Healthcare- Lewa supports four clinics that are the nearest health centres for many of the locals, providing medical care to more than 40,000 people. Through the healthcare programme, children are checked and treated for diseases and ailments receiving vision tests, dental screening, immunisation and more, mothers have access to ante and postnatal care, and cancer screening is available to all.
PHOTORGRAPHS Frank af Petersen, Jeff Waweru, Steve Toom
Water- This has always been a major issue in the north. Over the years, Lewa has built 11 water projects including dams, boreholes and water tanks, providing water to approximately 20,000 people.

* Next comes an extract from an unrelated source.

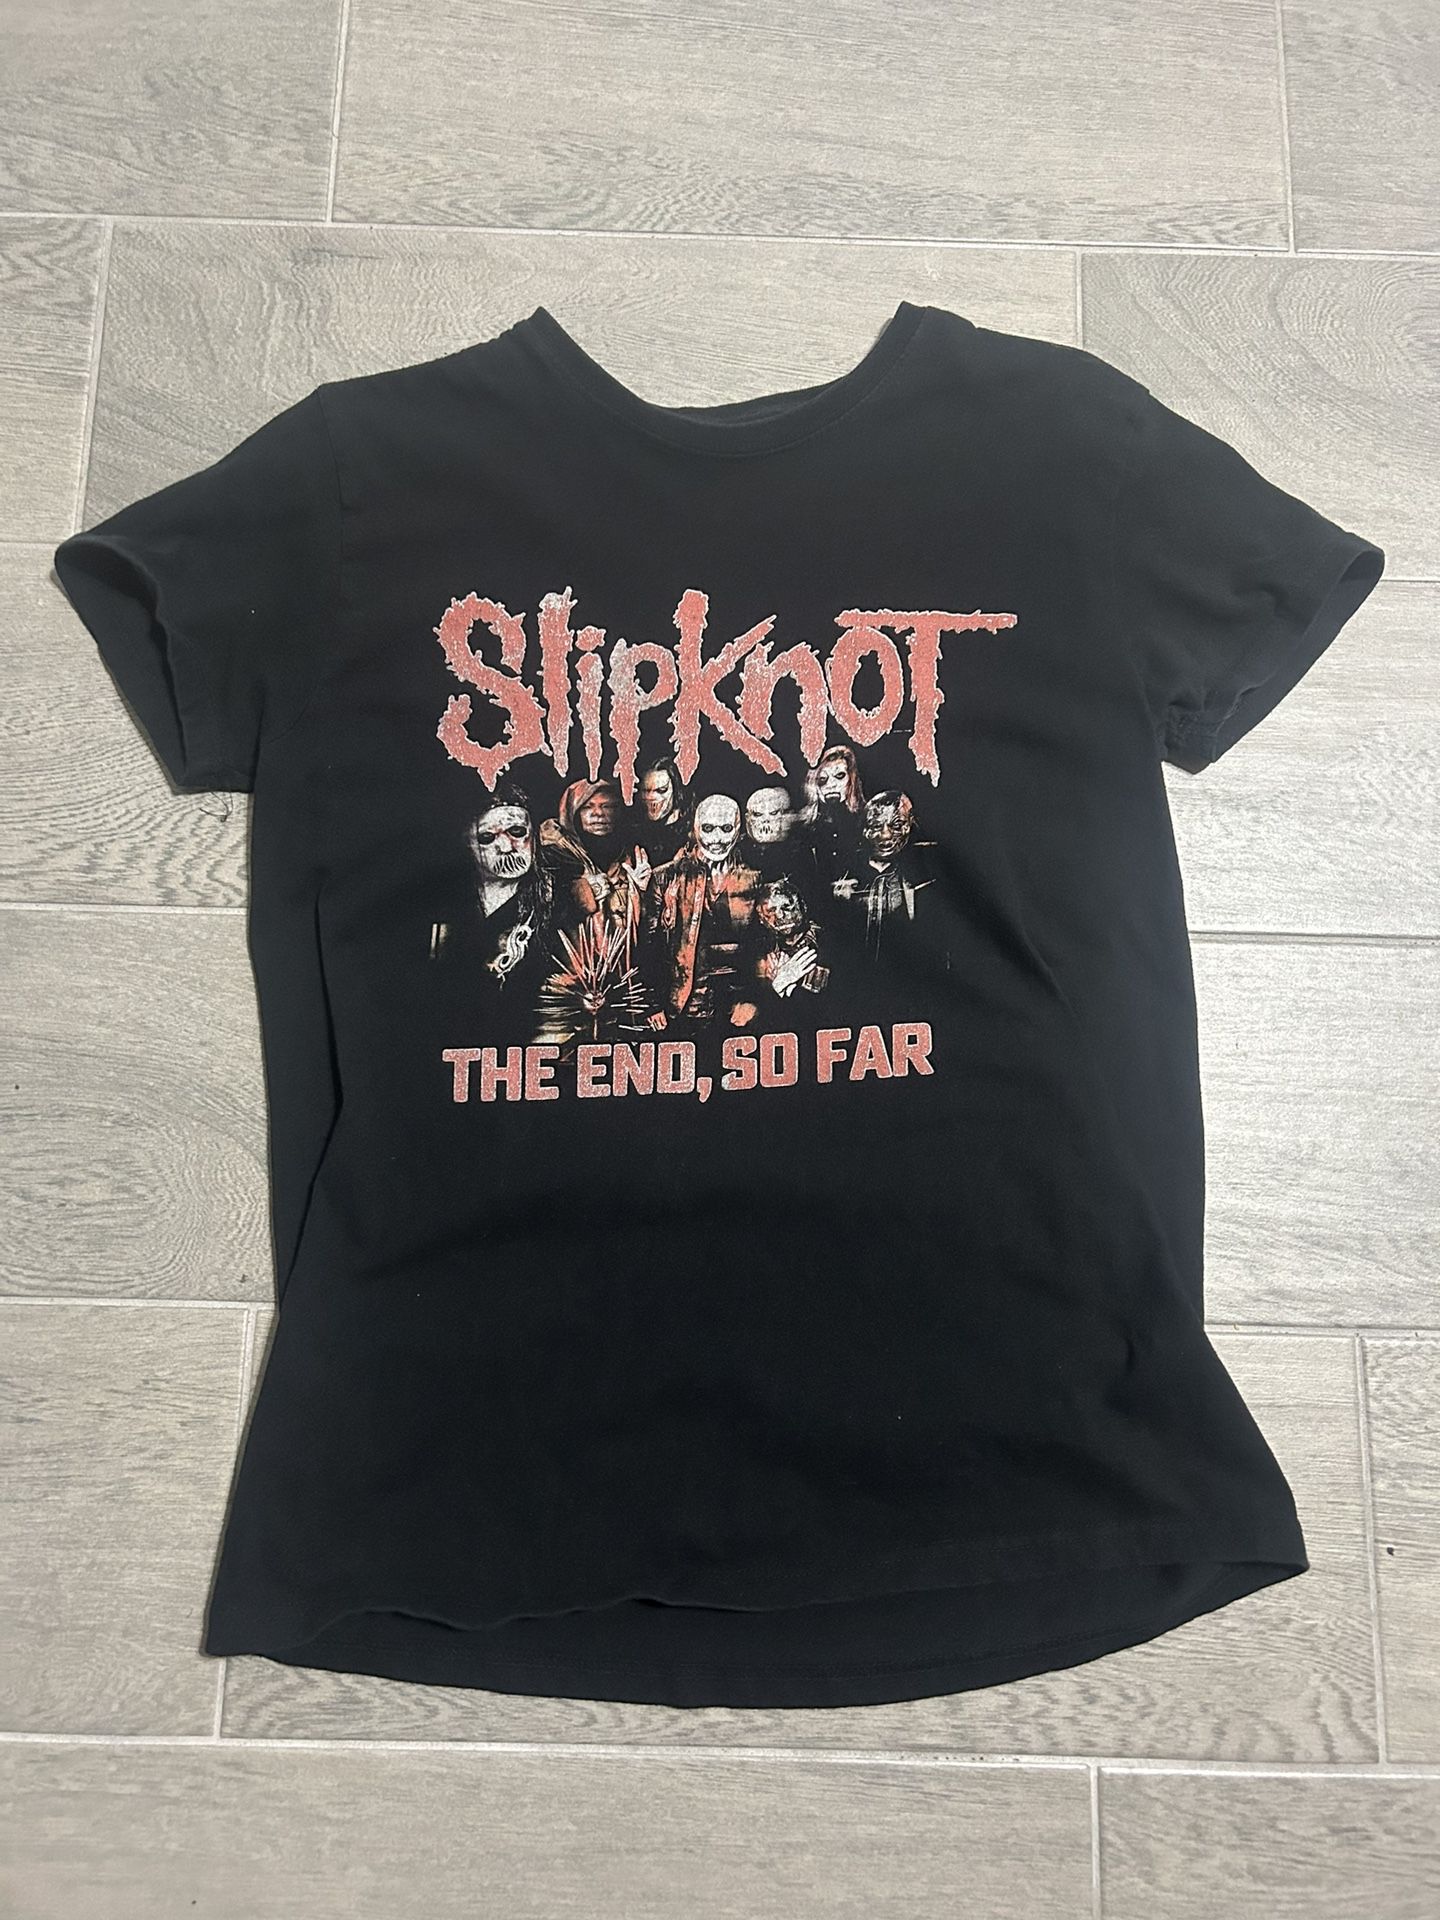 Vintage Slipknot T-Shirt

Business opportunities- The Micro-Credit Programme provides small-scale loans at low interest rates to support enterprise amongst local female entrepreneurs. Started a decade ago with just 30 women, the programme now serves 1,800. Jewellery handmade in beadworks projects are available for sale as souvenirs to guests, while lodges like Lewa Wilderness display furniture and rugs woven by the community to any guest keen to buy. Employment- According to Wanjiku Kinuthia, Lewa’s Senior Communications Manager, conservation is one of those fields where everyone gets a chance at excelling. Indigenous knowledge backed by on-the-job training is celebrated where there is a clear passion. A safari guide could for instance get an opportunity and excel in this way, whereas they may have struggled to get a decent job in a city like Nairobi.
RUNNING IN THE WILD
Set to take place on 29th June, this will be the 20th year of the Safari Marathon run annually in Lewa. Considered one of the top ten marathons in the world, this milestone year will attract 1,400 runners from over 35 nationalities. One of the key selling points of the Safaricom Marathon in Lewa is that it is one of the few marathons in the world that takes place in a UNESCO World Heritage site, a conservancy no less. The money collected annually goes towards supporting Lewa as well as other conservation initiatives such as the Local Ocean Trust that works in turtle conservation, Mt Kenya Trust, Grevy’s Zebra Trust, and more.